**The problem:** Return the data that follows exactly as it appears. Pictures do not belong in the copy.

**Given information:**
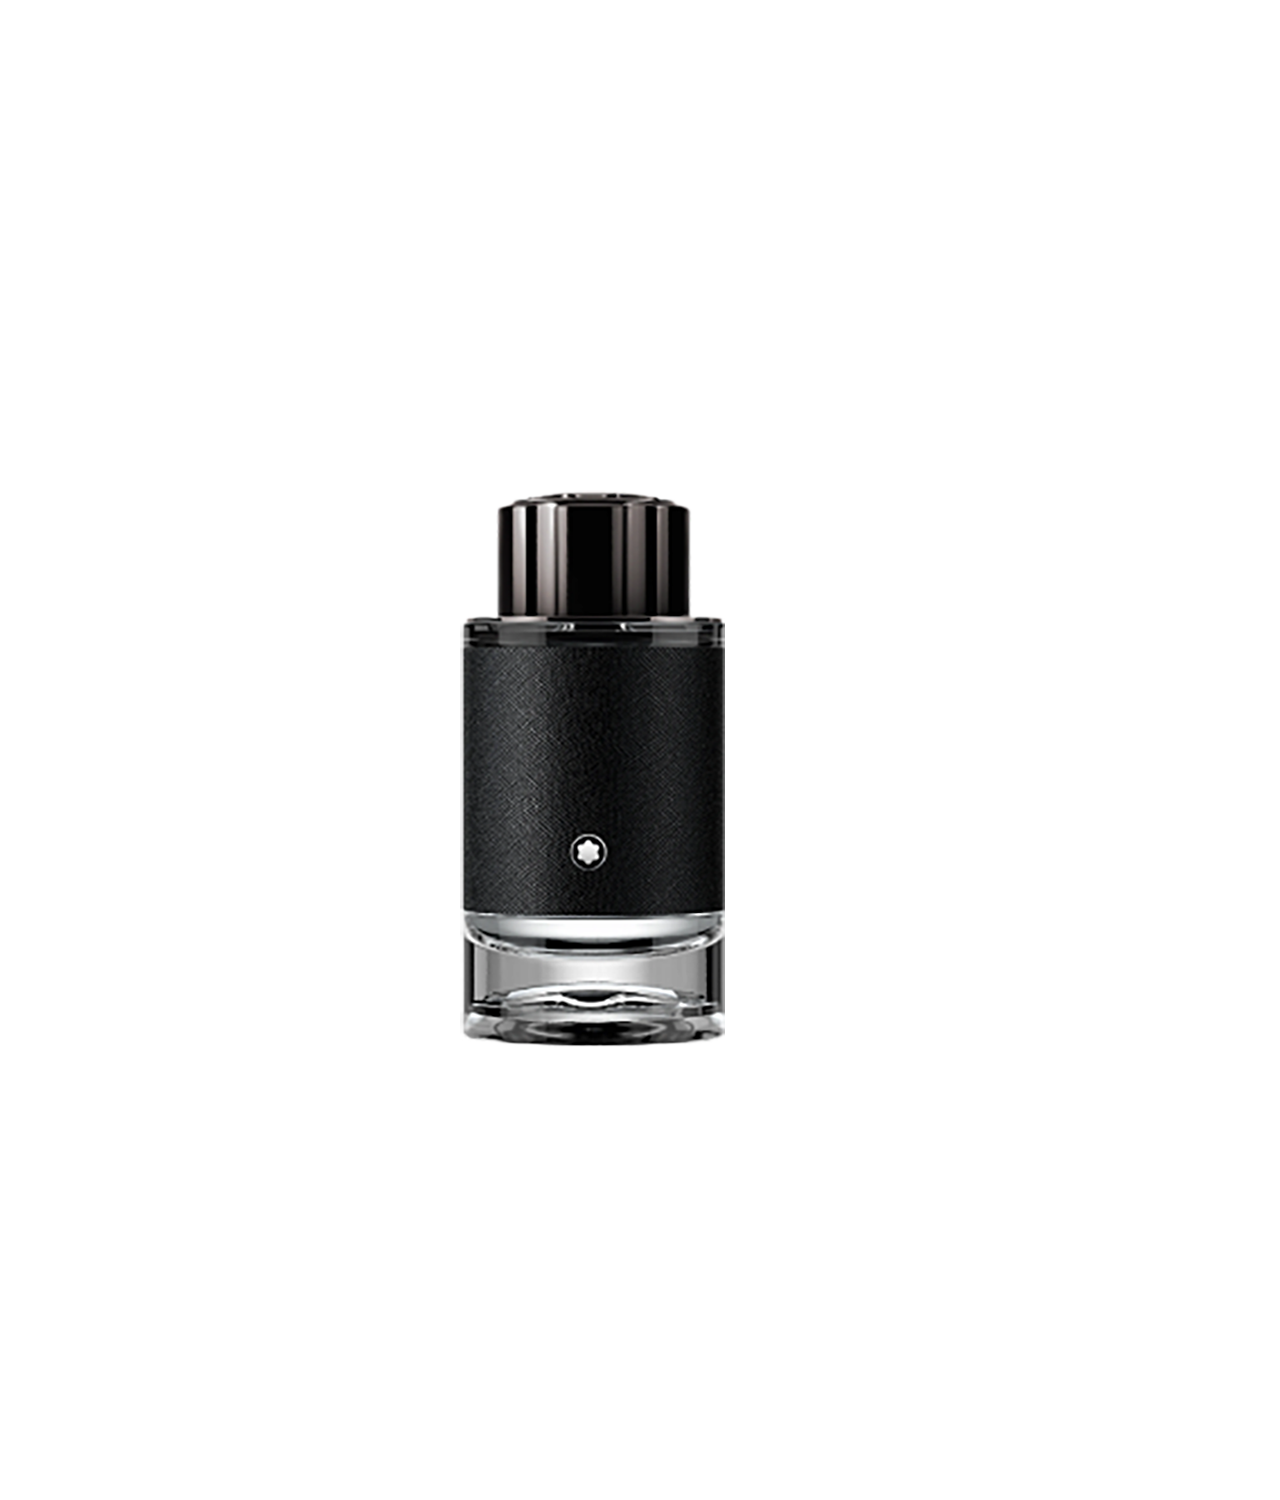 MONTBLANC Explorer Eau de Parfum; $104
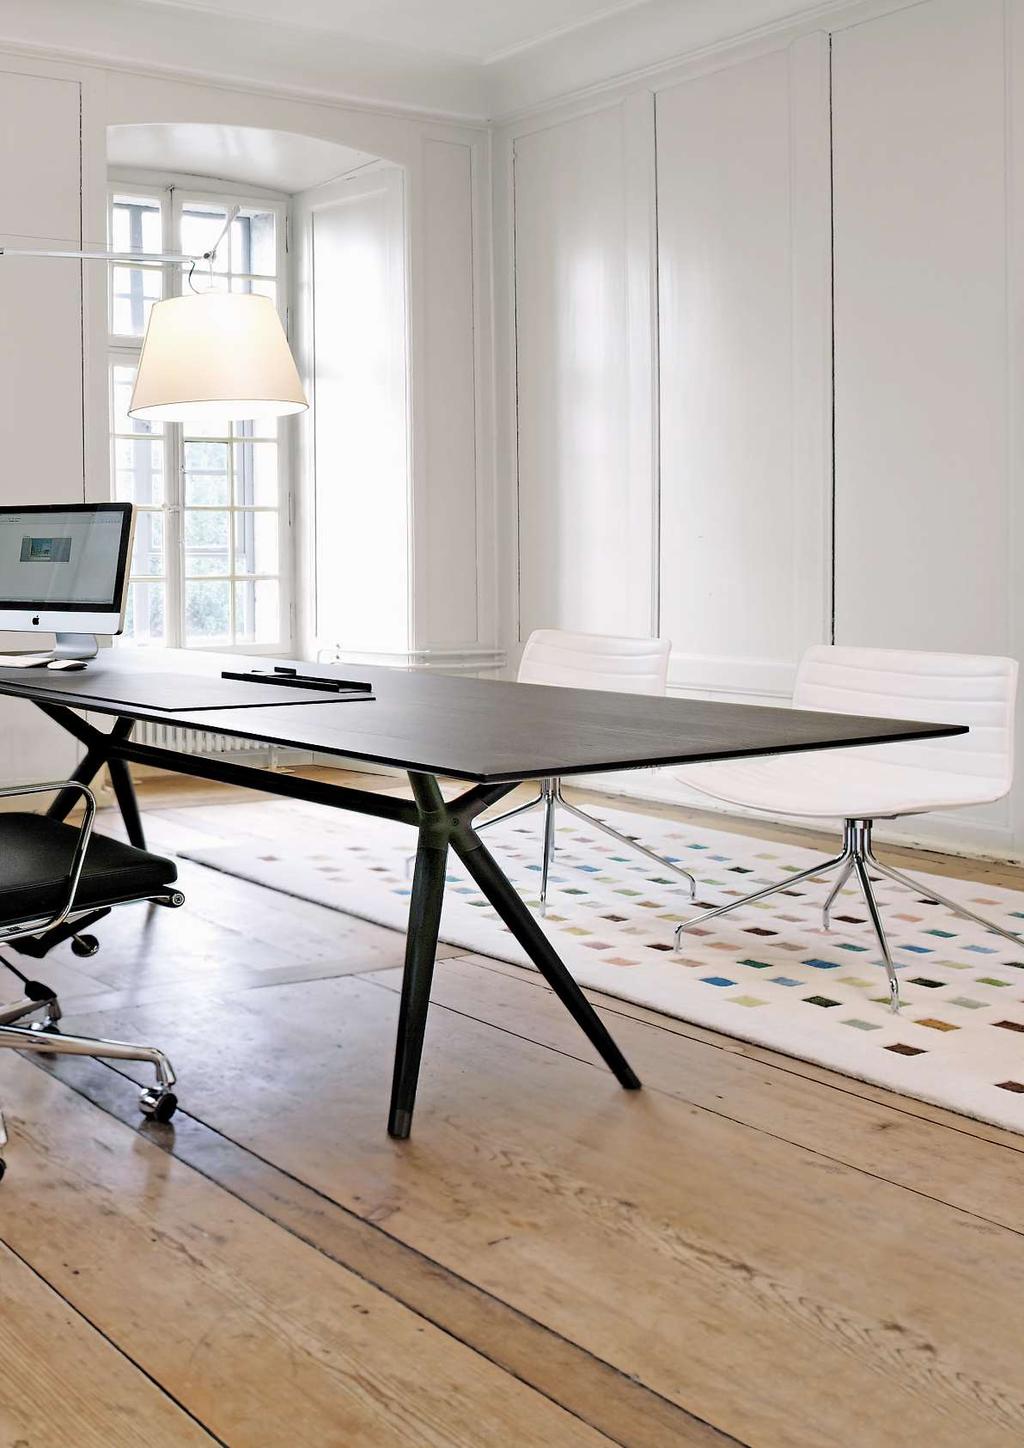 21 X2 Office-Kombination: Tischplatte und Holmen in Kernesche nachtschwarz, gebürstet und gebeizt, Metallteile in Rost metallic lackiert.
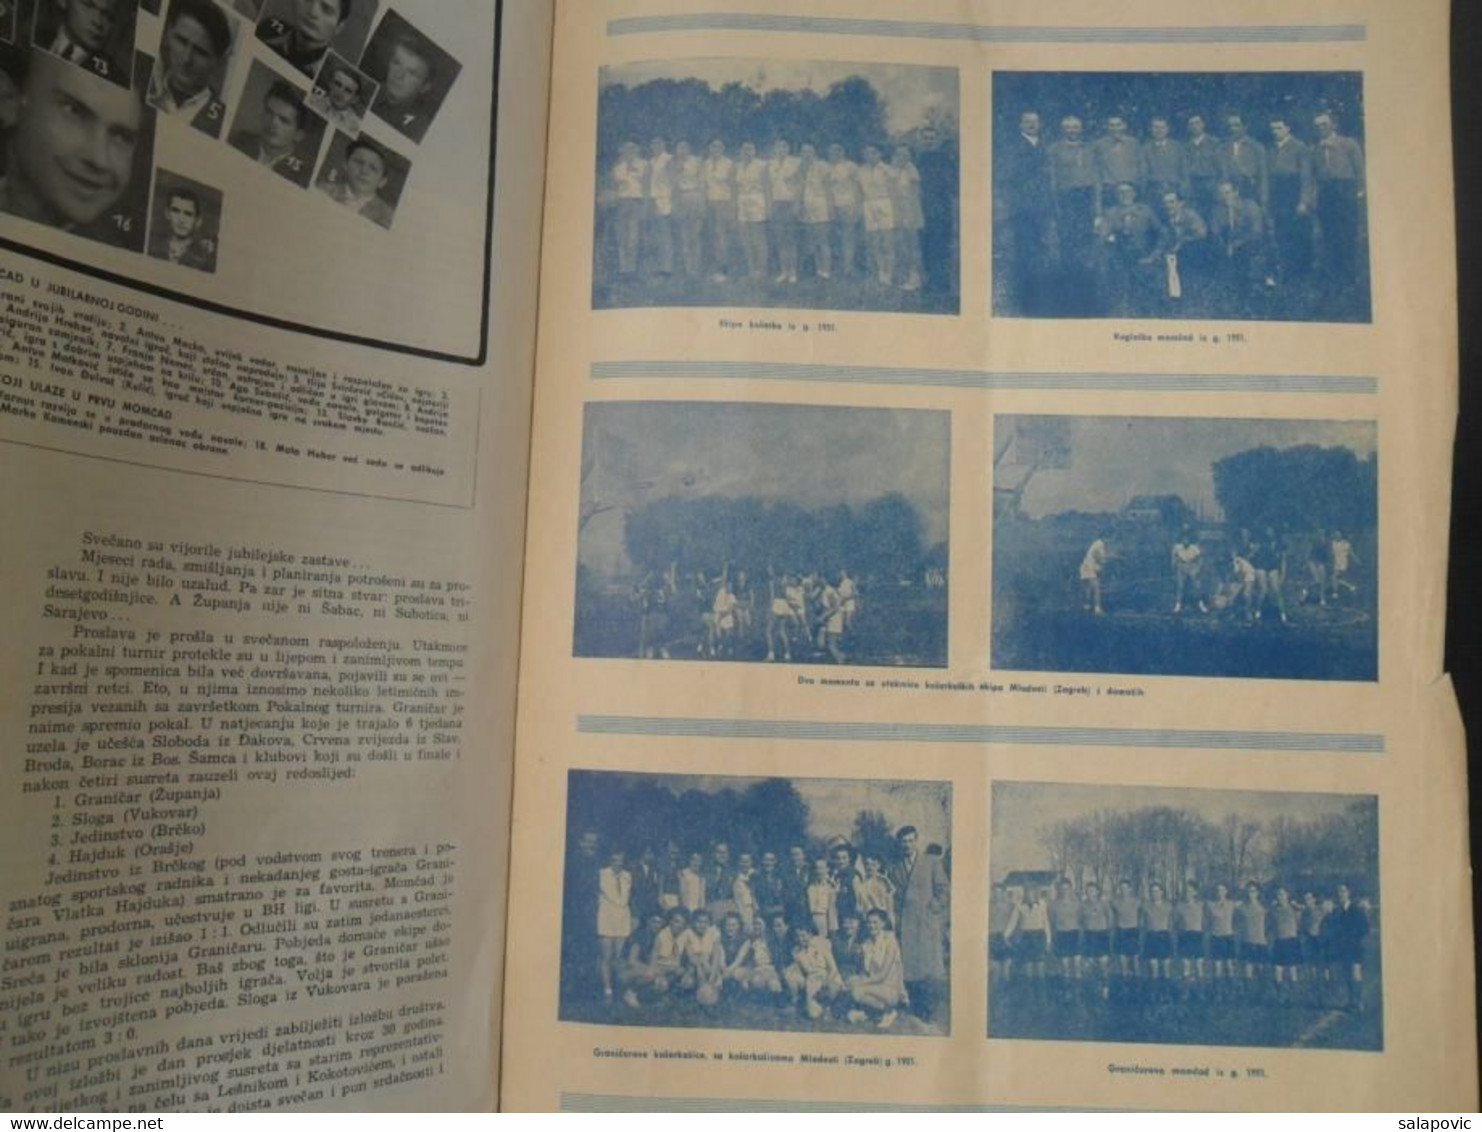 30 GODINA SPORTSKOG DRUSTVA GRANICAR ZUPANJA Monografija Football Club Croatia, Monograph - Libri

**Answer for the task:**
 MONTBLANC Explorer Eau de Parfum; $104
 21 X2 Office-Kombination: Tischplatte und Holmen in Kernesche nachtschwarz, gebürstet und gebeizt, Metallteile in Rost metallic lackiert.
 30 GODINA SPORTSKOG DRUSTVA GRANICAR ZUPANJA Monografija Football Club Croatia, Monograph - Libri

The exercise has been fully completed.